Una sceneggiatura intricata Eric Besnard: Nonostante tutti gli attori conoscessero l'intera sceneggiatura, vedevo che in alcuni momenti si ponevano delle domande e di conseguenza sono dovuto diventare il garante della coerenza globale dell'interpretazione; un compito che d'altronde spetta allo sceneggiatore. Non è sempre stato un compito semplice visto che alcuni attori, non avendo scene in comune e avendo girato senza seguire un ordine temporale, non sapevano fino a che punto arrivava l'altro nell'interpretazione dell'inganno. È stata una scommessa e una grande opportunità che mi ha permesso di sapere dove stava andando ogni personaggio. Ovviamente avendo girato il finale all'inizio sapevo che funzionava e ciò mi ha rassicurato durante la lavorazione. Mi piacerebbe affermare che è stato un processo machiavellico e che avevo previsto tutto, ma in realtà è stata la conseguenza degli imperativi del piano di lavoro.

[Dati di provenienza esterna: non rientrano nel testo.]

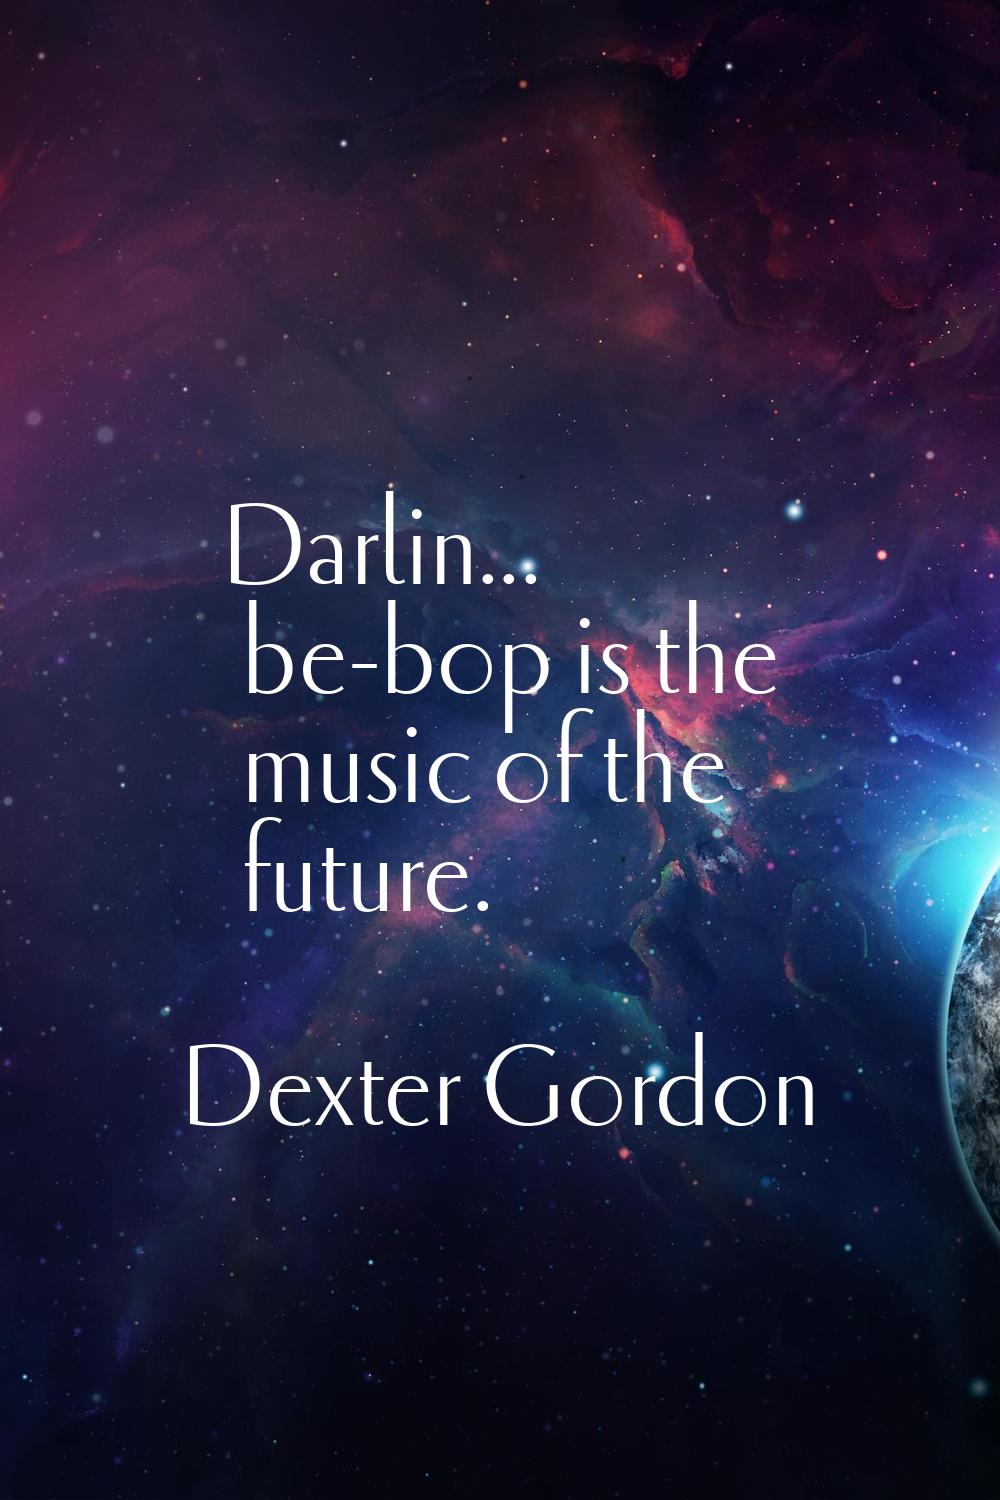 Darlin... be-bop is the music of the future.

Un attore comico dotato di grande fascino
Eric Besnard: Jean Dujardin è un gran professionista. È sempre presente e lavora moltissimo, ma avevo un paio di dubbi su di lui. Primo: ha costruito la sua carriera su un tipo di recitazione basata sulle maschere, sul camuffamento con parrucche e artifici, dove spesso era lui da solo a sostenere tutto il film. Mi chiedevo perciò se sarebbe riuscito a recitare con altri dieci personaggi. Il secondo dubbio, invece, riguardava la sua componente comica: per questo film doveva riuscire a tenerla a freno. Volevo renderlo sensuale, farne un'icona di eleganza e intelligenza. Jean doveva rendersi conto di essere un eroe.
Jean Dujardin: Questo ruolo è nuovo per me, perché per la prima volta interpretavo un personaggio non fondato sull'ironia ma sul fascino immediato. Accettare di essere il "bello" per me è stato molto difficile. Prima, bisogna lasciare la scena svilupparsi, sapere quello che si vuole e parlare in modo tale che lo spettatore entri nella sceneggiatura, in seguito è necessario lavorare sull'astuzia, sullo sguardo, sui dettagli.

Interpretare il truffatore dei truffatori
Jean Reno: Maxime è un po' una leggenda nell'ambiente dei truffatori. È un maestro, un esteta della truffa, uno che ispira i più giovani e meno esperti. Sa di poter finire in prigione, ma corre il rischio perché la verità è che non sa fare altro e credo che ami il gioco e il pericolo. Non si sa niente della sua vita affettiva e questo lo colloca un po' al lato dell'azione. Tuttavia, se il cinema è un'arte, è comunque un'arte di gruppo. Quello che devi esprimere deve essere in linea con quello che esprimono gli altri, ogni pezzo deve essere al suo posto nel puzzle. A volte si hanno quasi tutte le melodie da suonare mentre a volte siamo nell'orchestra solo grazie a tre colpi di triangolo. Nel caso di Ca$h adoravo la musica che si suonava e avrei accettato il ruolo che mi è stato offerto anche se fosse stato solo per tre giorni di riprese.